Dogs may occasionally experience dental concerns due to decay and damage, which can result in teeth needing to be removed. Here, our Rochester vets talk about dog tooth extractions and what to expect when one is needed.
Dental Surgery For Removing Dog Teeth
A dog tooth extraction is a surgical procedure performed by your veterinarian to remove a damaged or decayed tooth from your dog's mouth in order to restore good oral health and relieve pain. Your dog will need to be placed under general anesthesia for the procedure in order to ensure the safety of your pup and the veterinary team working on them.
At Ridgemont Animal Hospital our veterinarians understand that finding out your dog needs dental surgery can be overwhelming, but we'd like to assure you that we are committed to making the extraction process as stress-free as possible for both you and your four-legged friend.
If your pet needs dental surgery, your vet will take the time to walk through each step of the process with you and answer any questions you may have about the procedure or the recovery process. We aim to make your dog's visit are relaxing as possible.
Reasons for Dog Tooth Extraction Surgery
Gum disease and a lack of dental care and oral hygiene are the main causes behind a dog needing a dental extraction. When a tooth is damaged beyond repair, it is important to remove it to prevent infection and pain caused by the decayed tooth.

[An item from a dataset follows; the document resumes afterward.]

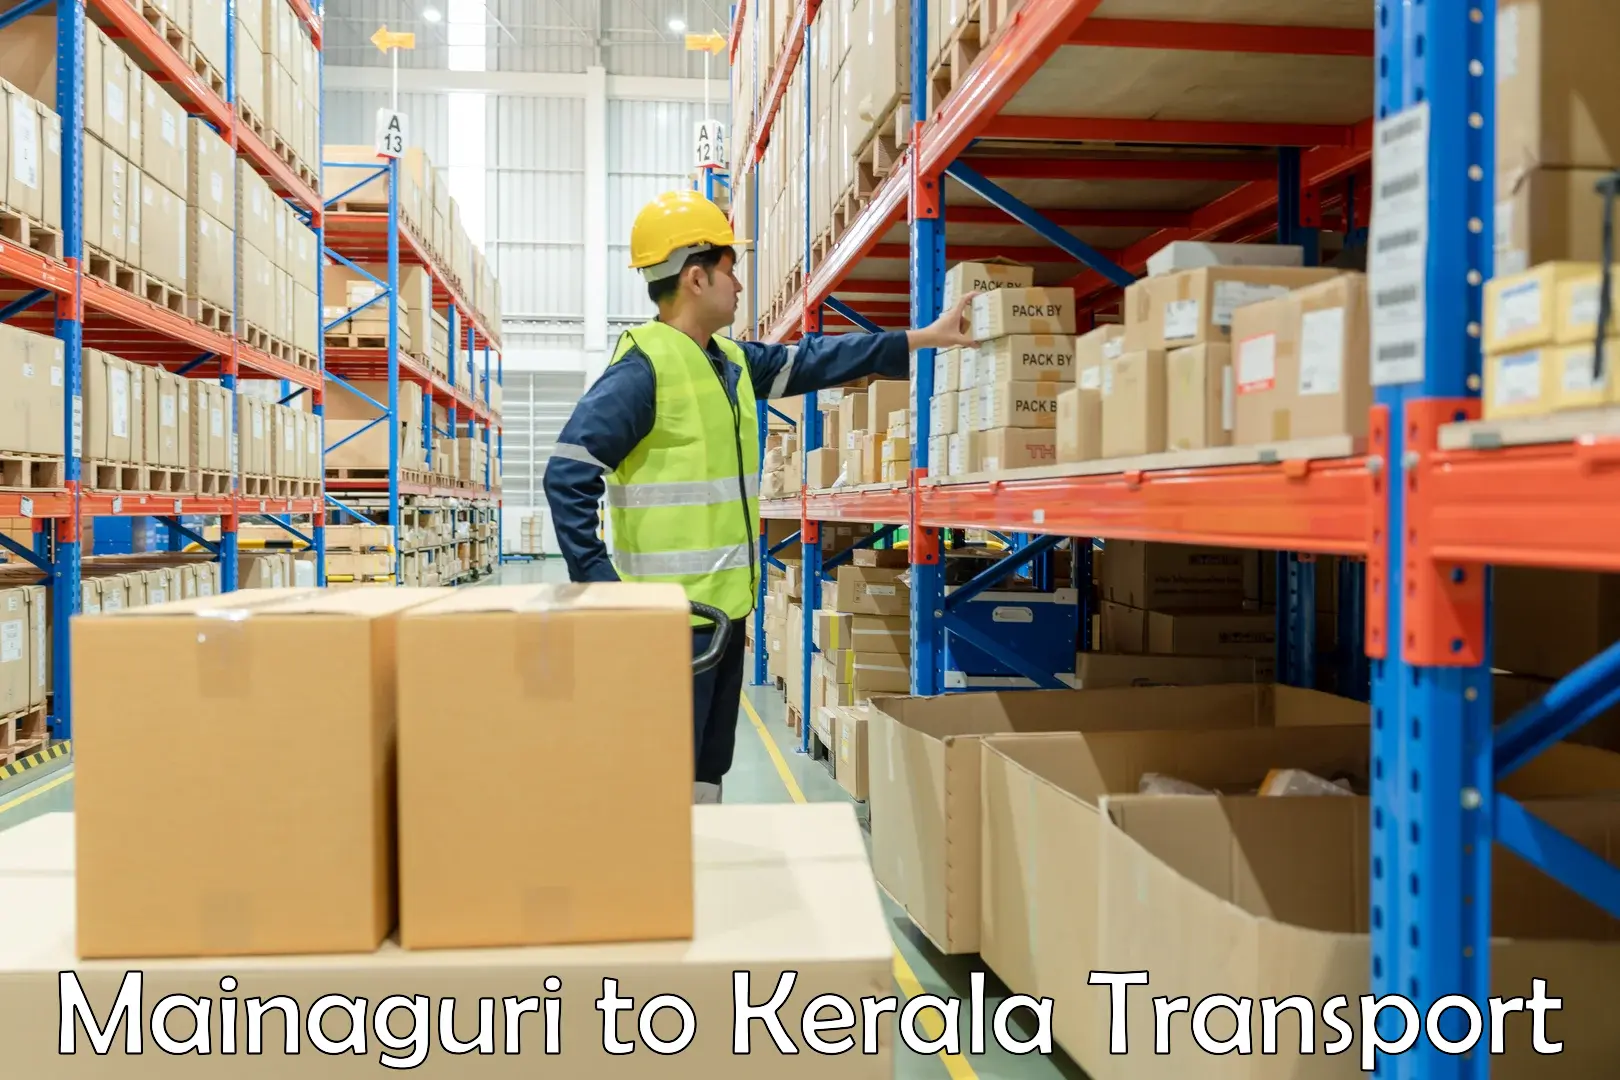 Air freight transport services Mainaguri to Kerala

After your dog's damaged tooth (or teeth) has been removed, your veterinarian will discuss easy at-home care for your dog's teeth and gums. Our team wants to help you provide your pup with the oral health care they need to prevent other teeth from becoming decayed.
Your veterinarian may suggest regular dental cleanings for your dog as part of their annual preventive care schedule. Annual dental cleaning goes a long way toward preventing gum disease and tooth decay, which is as important for pets as it is for people.
That said, tooth decay isn't the only reason why your dog may need a tooth extraction. Dog teeth may also need to be removed for any of the following reasons:
- Fractured or broken teeth - Broken teeth can lead to painful abscesses and infection.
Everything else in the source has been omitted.